Hello Imron, this thread is getting very long, so I'm sorry if my question has already been asked and answered. 

 

I installed CTA on a USB stick thinking I would hop from one machine to another, but in reality I've always used it on the same computer. Now I've just upgraded to the latest version of CTA and plugged my USB stick in a new machine and I'm asked for the license code. Does that mean that, at one point, config and data files were in fact copied on the hard drive of computer #1? If so, what can I do to be able to use CTA on a new machine, while keeping know words and, obviously, the license code?

 

Thanks!

 

[Edit] Of course, I just checked and saw that I do have files on my  hard drive in AppData\Local\ChineseTextAnalyser 

I'll try to just copy them on my USB stick and see what happens.

Posted

@laurenth, there's a little bit more involved to get a standalone version running, and the standalone version currently only works on Windows.

 

See here for details.

 

Because you haven't done this already, it means that your licence and all your existing vocabulary is still stored on your original machine rather than on the USB stick.

 

You should be able to copy everything over though.  See this post for details.

 

  • Like 1
Posted

No question, I just want to thank you for creating this. Great tool. 

 

I'd love to see a feature that could bookmark places for longer reads (I cant get through a 10 page article in one sitting).

 

 

  • Like 2
Posted

Custom bookmarks are on my list of things to do, however CTA should be saving your current position each time you open and close the same file.  If this is not happening, please let me know (preferably with a copy of the file that this is happening with).

 

Great tool

Spread the word.  The more people pay for it, the more I'll be able to spend time improving it!

  • Like 1
Posted

Imron,

 

One small suggestion. Have you thought of adding screenshots, color, or some simple marketing words to the website? At present, the CTA website is a bit, erm, functional. 

 

 

Quote

Spread the word.  The more people pay for it, the more I'll be able to spend time improving it!

 

I say this only because I have recommended CTA to a few Chinese learners. They were either scared away by the 18-page forum thread, or unimpressed by the website. But when they saw me actually using the program, they were super impressed.

  • Like 1
Posted

Here's an example of what I mean: https://getcoldturkey.com/

 

Nice website, simple presentation. Draws your eyes toward the download button, but in a non-offensive way. Marketing language (not overdone). Product clearly explained. Good color scheme.

Posted
5 hours ago, murrayjames said:

Have you thought of adding screenshots, color, or some simple marketing words to the website?
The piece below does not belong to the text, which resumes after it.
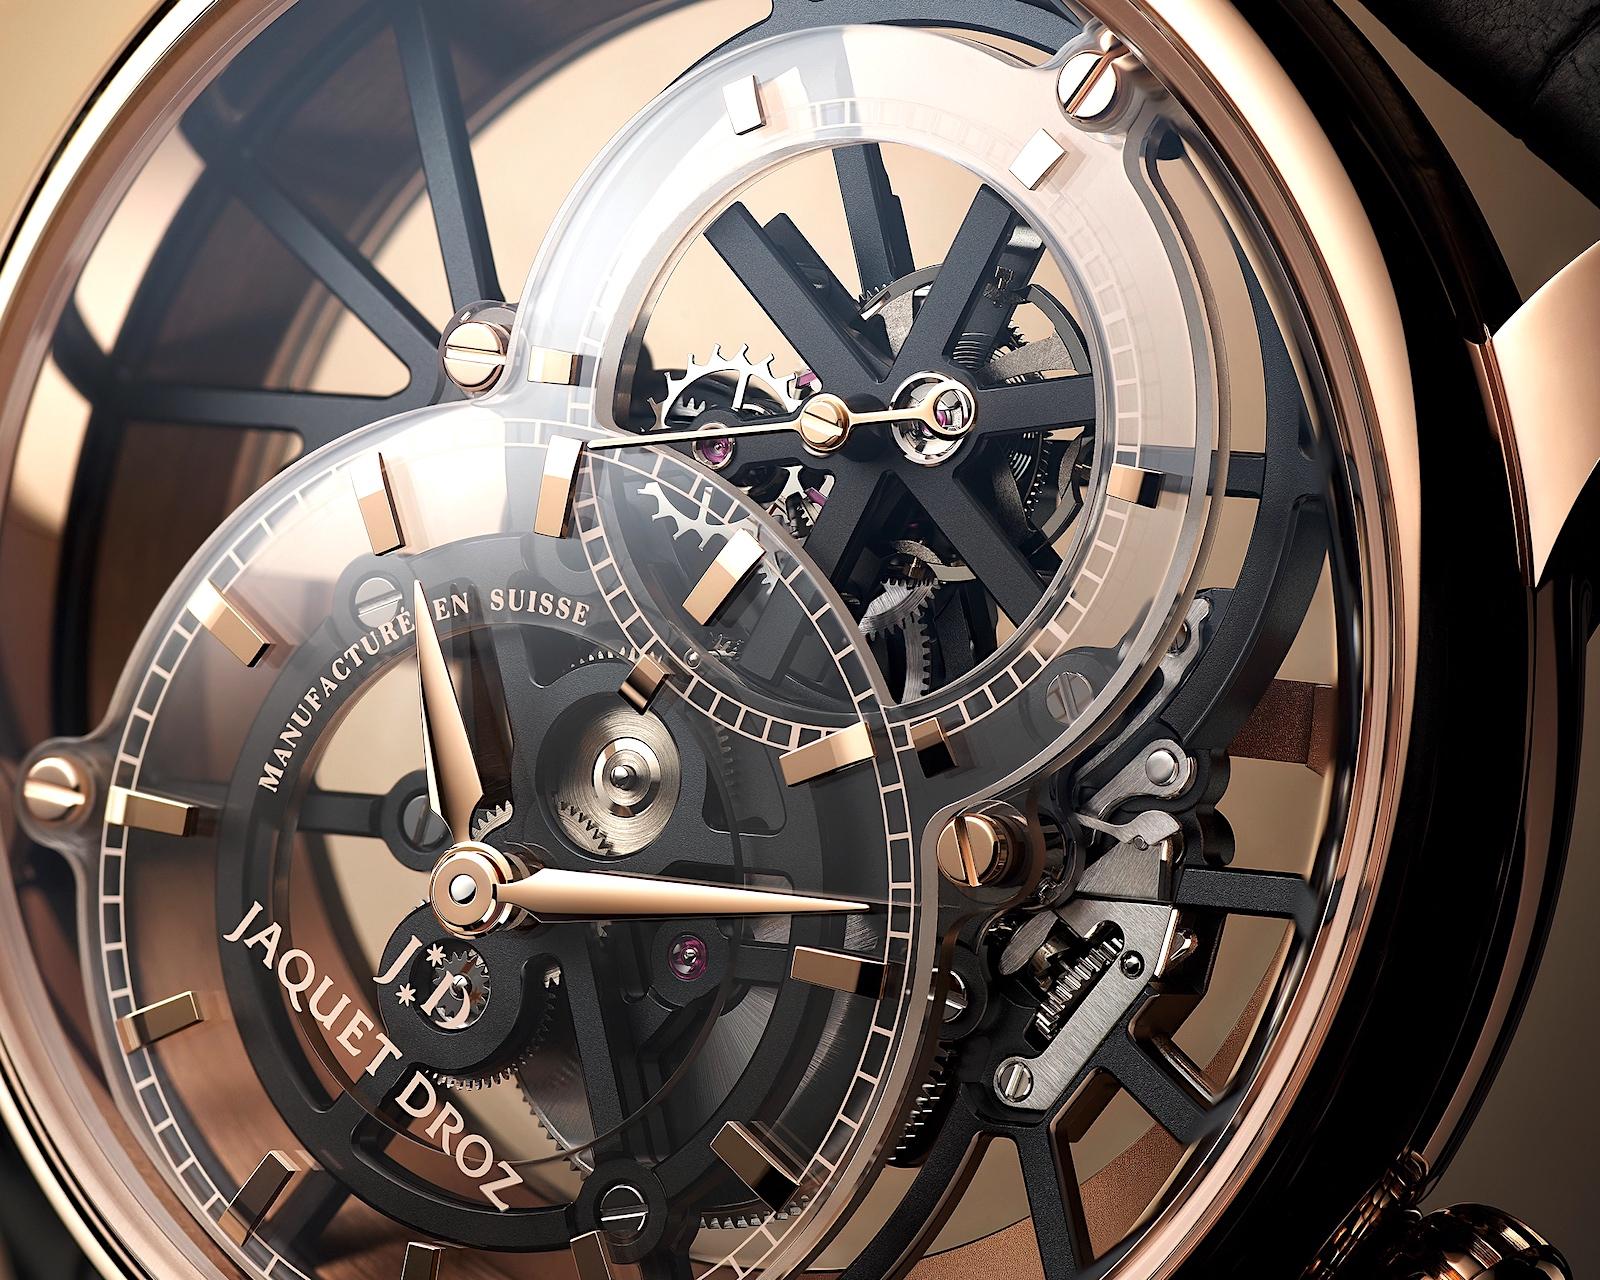 Jaquet Droz Grande Seconde Skelet-One Tourbillon - dial 1

I have!  Like with all things though, it's a problem of time, money and priority and updating the website falls behind due to that.

Posted

Imron,

 

I just had a thought. It would take some time (maybe a lot of time), but it could potentially solve the money problem. Have you thought of making an English Text Analyser? As fast, trimmed down, and powerful as CTA... Interface languages and documentation in languages other than English might take some work. And there would be dictionaries to procure, though I bet finding an open source X-->English dictionary would not be that hard. Word segmentation would be a much smaller problem.

 

The upside is that the English language learning market is huge. ($$$)  I've had several Chinese friends watch me use CTA and ask if there was a similar thing in English. (The only comparable program I know of is LWT, but it is much slower and requires setting up a local server). I suspect English-language learners from many different countries would be interested in such a thing.

  • Like 2
Posted

I think murrayjames' idea is a good one. I too have thought about how it would be a good idea to make it usable for other languages... It would make word segmentation become a non-problem (as murrayjames said), and all of the other features of CTA would still be just as useful. I'd definitely use it for Spanish! 

Posted

Yes, it's something @imron could consider if he's got time. Segmentation is particularly useful for Chinese language because there aren't spaces between words. Anyway the ability to track known and unknown words and generate wordlists can be useful for any language.

 

p.s. I'm Italian and know enough also about latin and greek and this allows me to learn many words of European languages without much effort (see them once and remember them, I wish it could be like this also for Chinese), but I realize it may be not easy for those who don't have my background. Chinese text analyzer was clearly created for learners of Chinese, hence the name (probably also for personal use and evolved into a real product). It could be especially useful for languages that are very different from your own language. I'm thinking that as the program helps foreigners learn Chinese, another version of the program could help Chinese people (1.4 billion people) learn English for example. From the point of view of a Chinese person, English is easier than Chinese in the long run, because it has an alphabet at least, anyway at the beginning it can be quite difficult for Chinese people. This is just an example.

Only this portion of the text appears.